А потом произошла и вовсе невозможная вещь.
Я вышел за хлебом, а когда вернулся, услышал на кухне Никитин голос. Мама всё восхищалась, что он, ударник, так здорово на синтезаторе играет.
— Да что вы, в самом деле. Ваш Оська в сто раз талантливее меня. Что там я — просто знаю несколько аккордов. И перебираю их. За полгода можно выучиться. А вот Оська… Вы хоть стихи его видели! Да вы что! Такие стихи — вообще!!!
… И тут он увидел меня. Мои широко раскрытые в ужасе глаза. И он улыбнулся широко и сказал:
— Ой, камрад… Похоже, я тебя заложил… Извини.
Знаете, что в этом невозможного?… Что я на него не обиделся. Вообще. Не могу на него обижаться. То есть… То есть я тогда думал, что не могу.
Есть у нас такой человек — Гиреев. Человек этот… В общем, если честно — я бы хотел, чтобы его вовсе не было. Вообще — таких, как он. Особенно когда я увидел, как он Мансура ткнул головой о батарею. «Не стой здесь, …», сказал ему Гиреев. И добавил такое слово, которое я не хочу повторять. В общем, смысл этого слова — что Мансур нерусский. Поэтому нечего ему здесь стоять, где Гирееву пройти надо.
У меня прямо всё внутри опустилось. Холодно стало мне внутри. Потому что человек — вот, нормальный человек, я же нормальный! Должен был… Должен был что-то сделать. Не знаю, что. Ну… А я в этот момент очень некстати вспомнил, что я, в общем, тоже не вполне русский.
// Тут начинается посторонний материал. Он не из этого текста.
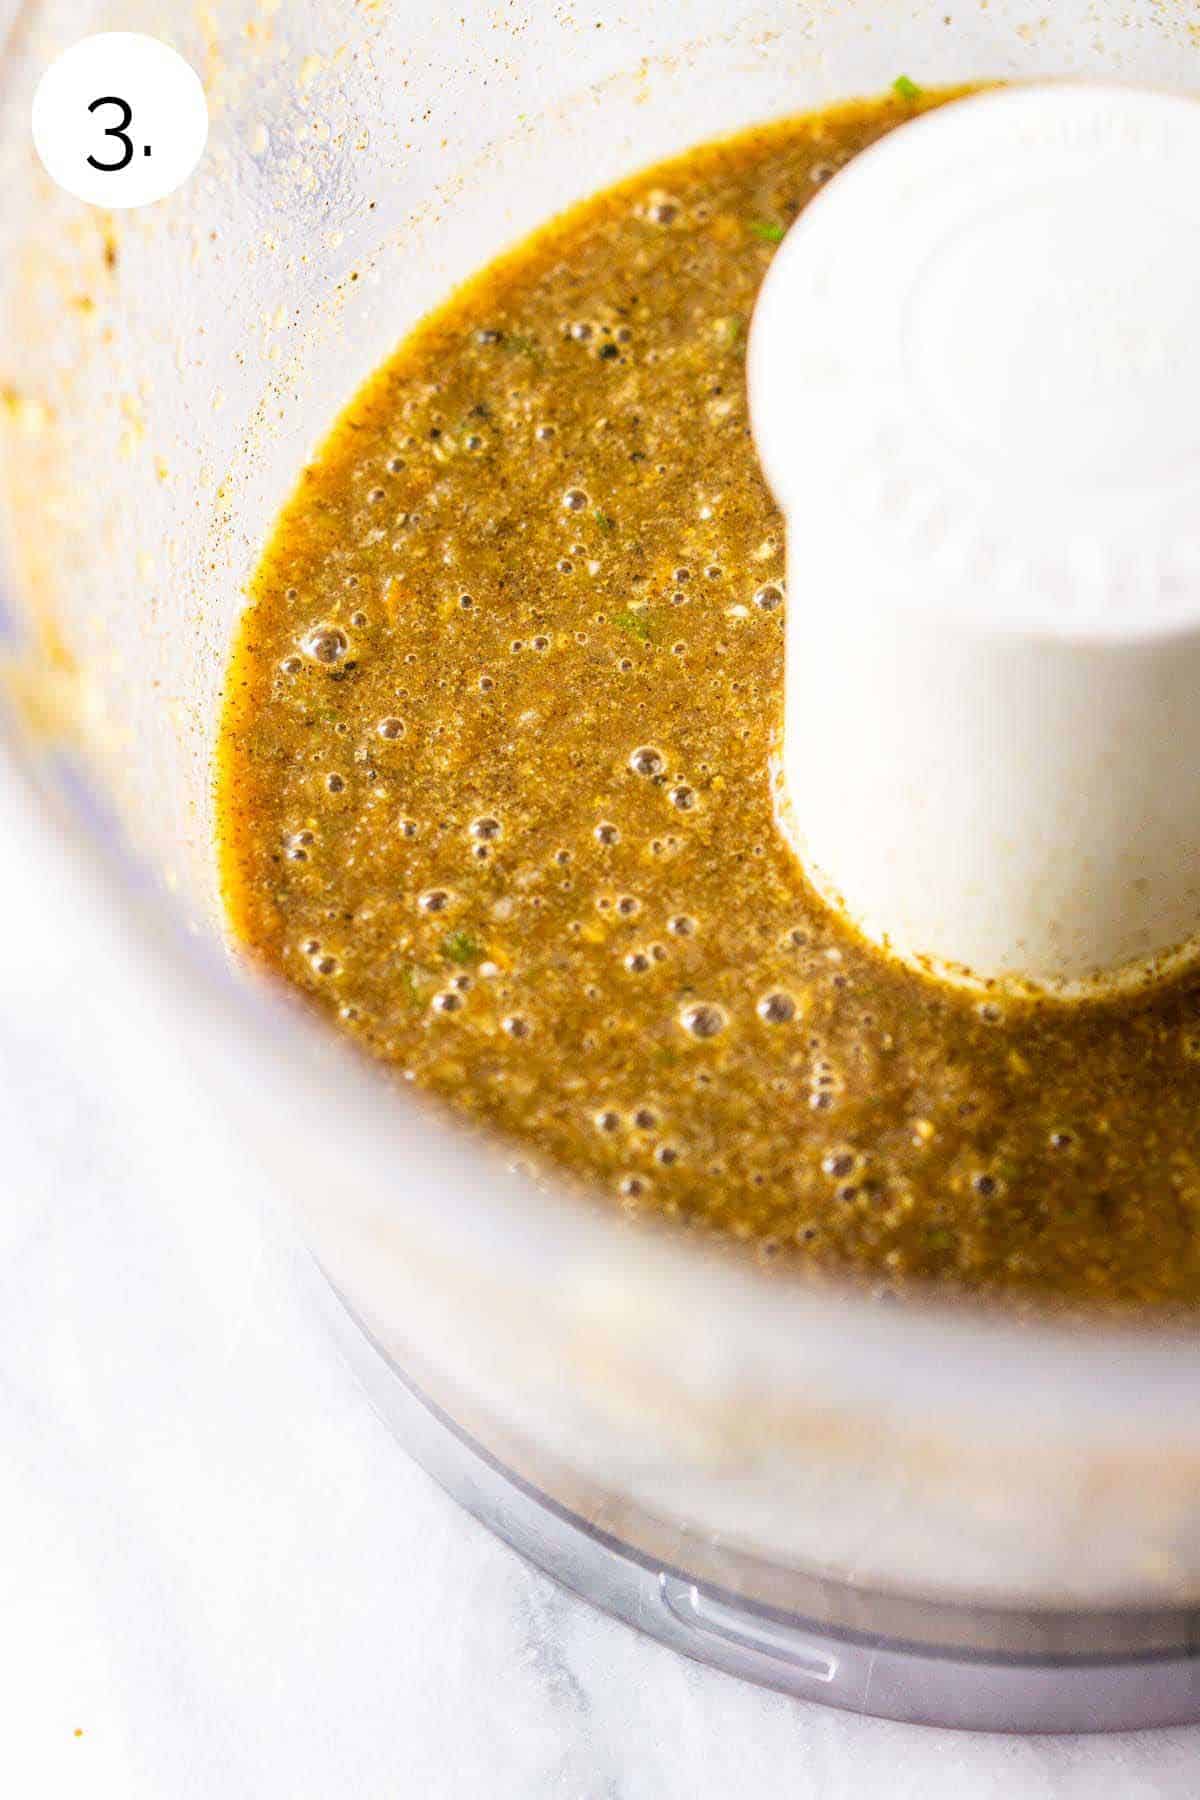 The jerk marinade in a food processor after it's been blended with the liquid ingredients.

И что Гиреев меня выше на голову и толще раза в полтора. И что мне… И что мне руки надо беречь. И на всякий случай — голову ещё.
Поэтому я подождал, пока Гиреев уйдёт, а потом подошёл к Мансуру. Он сидел у батареи и трогал лоб.
— Больно?
— Отстань, — сказал Мансур.
И я отстал. Но теперь всё время, когда я видел Мансура, у меня что-то ухало внутри. Вниз.
А когда я видел Гиреева… В общем, я предпочитал его не видеть.
Но он сам меня нашёл. Я, в общем, тоже был виноват — нарвался. Просто в тот день никто не сделал английский, кроме меня, тема была сложная. А я не знал, что она сложная — у меня мама преподаёт английский в институте, и я не знаю, что там такого непонятного оказалось.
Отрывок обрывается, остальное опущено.